The undersigned Jeffrey Peck, being the Chief Executive Officer and Chairman of the Board of iSun, Inc., a Delaware corporation (the “Corporation”), does hereby certify that, pursuant to the provisions of Section 151(g) of the General Corporation Law of the State of Delaware (the “General Corporation Law”), the following resolution was duly adopted by unanimous written consent by the Board of Directors of the Corporation (the “Board of Directors”) on August 23rd, 2021, and, pursuant to authority conferred upon the Board of Directors by the provisions of the Corporation’s certificate of incorporation, as amended and in effect (the “Certificate of Incorporation”), in accordance with Section 141 of the General Corporation Law by unanimous written consent of the Board of Directors, the Board of Directors adopted resolutions eliminating the designation and the relative powers, preferences, rights, qualifications, limitations and restrictions of such Series A Convertible Preferred Stock.
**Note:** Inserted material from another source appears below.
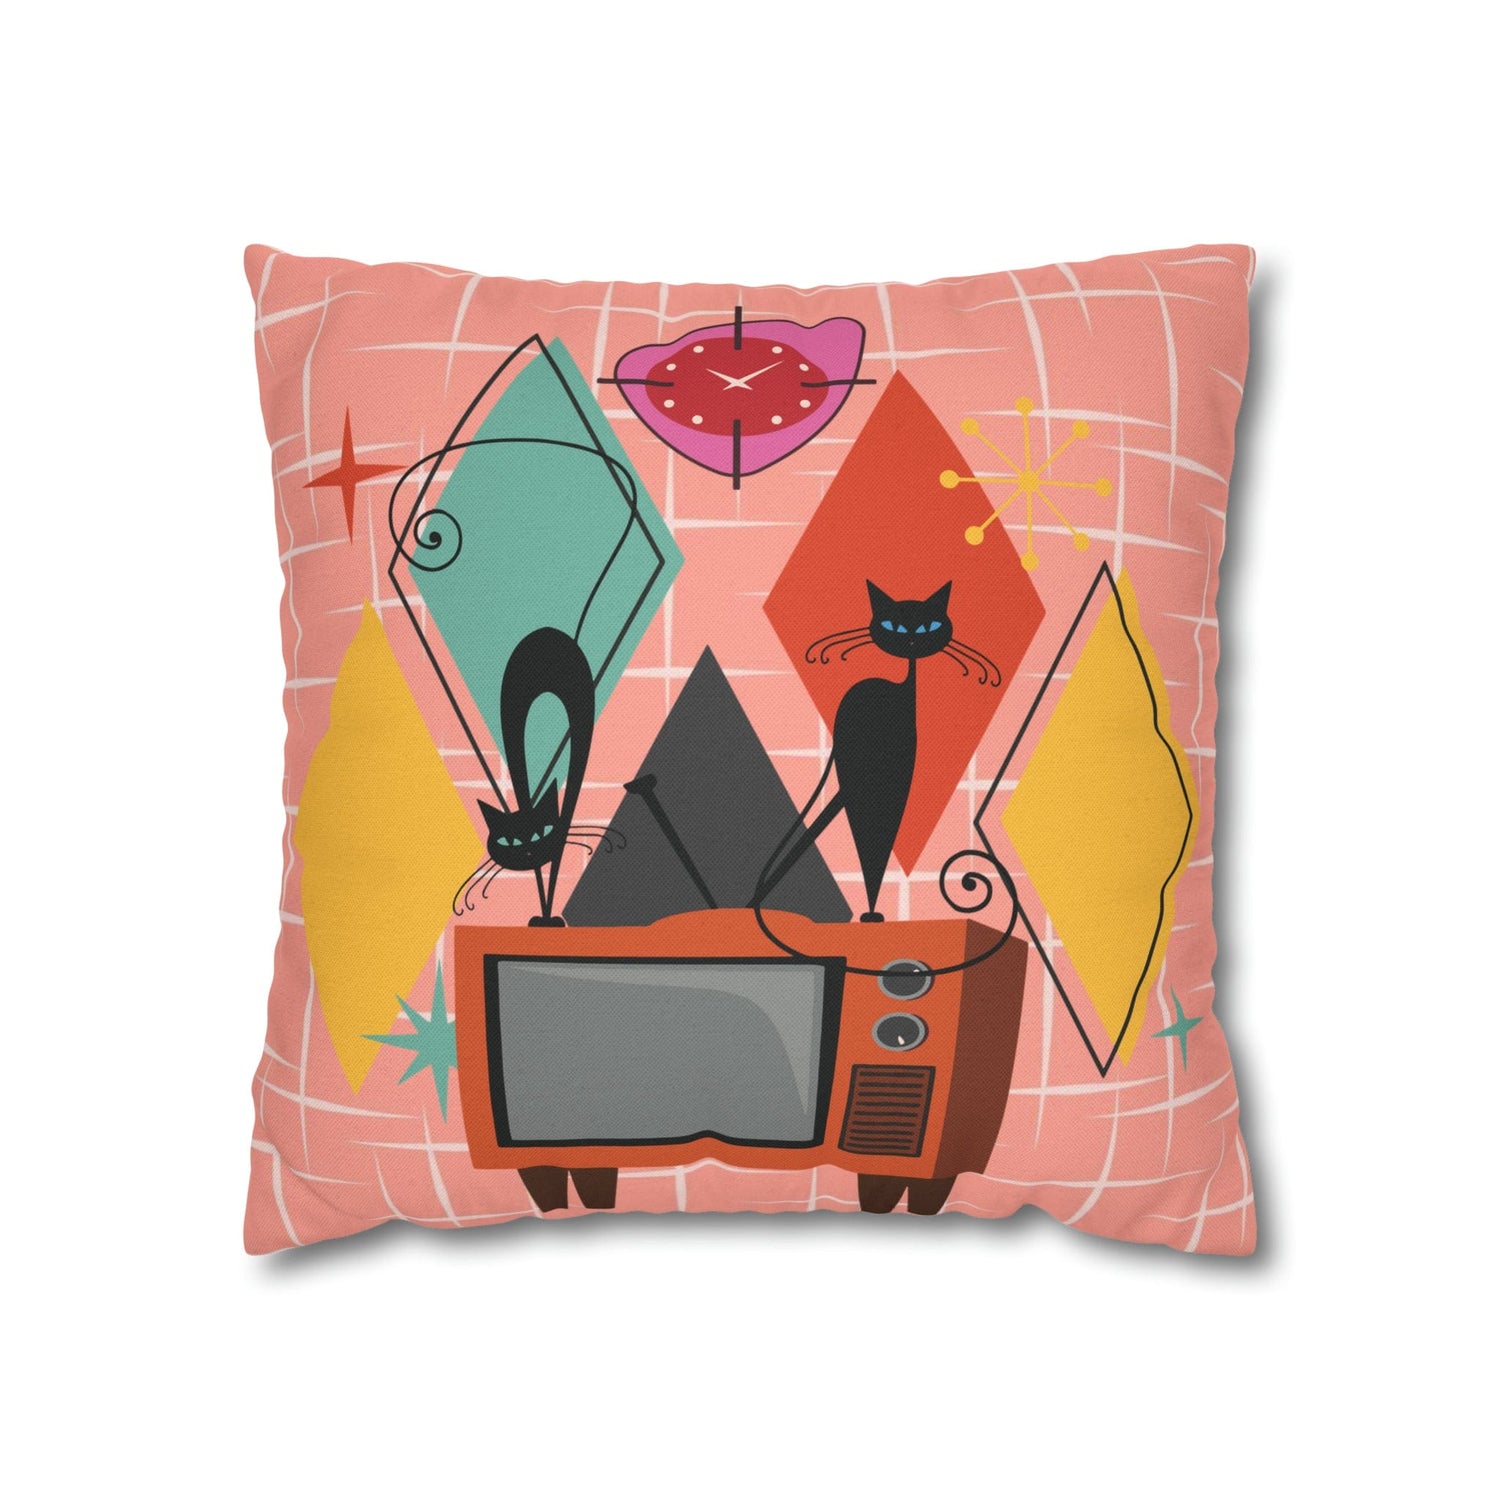 Kate McEnroe New York Atomic Cat Retro TV Pillow Cover, Mid Century Modern Orange, Teal, Yellow, Pink Cushion Covers, MCM Pillow Case Throw Pillow Covers 16&quot; × 16&quot; 16222089172191532282

These composite resolutions eliminating the designation and relative powers, preferences, rights, qualifications, limitations and restrictions of such Series A Convertible Preferred Stock are as follows:

WHEREAS, the Certificate of Incorporation of the Corporation, as amended from time to time, authorizes preferred stock consisting of 1,000,000 shares, par value $0.0001 per share, issuable from time to time in one or more series;

WHEREAS, the Board of Directors is authorized, subject to limitations prescribed by law and by the provisions of the Certificate of Incorporation, to establish and fix the number of shares to be included in any series of preferred stock and the designation, rights, preferences, powers, restrictions and limitations of the shares of such series;

WHEREAS, all authorized Series A Convertible Preferred Stock have been redeemed and pursuant to Section 7(l) of the Certificate of Powers, Designations, Preferences and Rights of the Series A Convertible Preferred Stock (the “Series A Certificate of Designation”) all such stock shall not be reissued, sold or transferred; and

WHEREAS, the Board of Directors has determined it is advisable and in the best interest of the Corporation and its shareholders to eliminate and cancel all designation, rights, preferences and limitations of the shares of such series, and strike all references to Series A Convertible Preferred Stock from the books and records of the Corporation;

NOW, THEREFORE, BE IT RESOLVED, that pursuant to authority granted to and vested in the Board of Directors by the provisions of the Certificate of Incorporation, the Board of Directors hereby cancels the Series A Certificate of Designation and eliminates all Series A Convertible Preferred Stock; and


RESOLVED FURTHER, that the appropriate officers of the Corporation be, and each of them individually is, in accordance with the foregoing resolutions, authorized, in the name and on behalf of the Corporation, to prepare, execute and deliver any and all agreements, amendments, certificates, reports, applications, notices, instruments, schedules, statements, consents, letters, or other documents with respect to the matters contemplated by the foregoing resolutions, to make any filings pursuant to federal, state or local laws, to incur any fees and expenses and to do or cause to be done any and all such other acts and things as, in the opinion of such Authorized Officer, may be necessary, appropriate or desirable in order to comply with the applicable laws and regulations of any jurisdiction, or otherwise in order to enable the Corporation fully and promptly to carry out the purposes and intent of the foregoing resolution and to permit the matters contemplated thereby to be lawfully consummated.

[Signature Page Follows]


IN WITNESS WHEREOF, this Cancellation of Certificate of Powers, Designations, Preferences and Rights of the Series A Convertible Preferred Stock of iSun, Inc. has been executed by a duly authorized officer of the Corporation on this 29th day of December, 2021.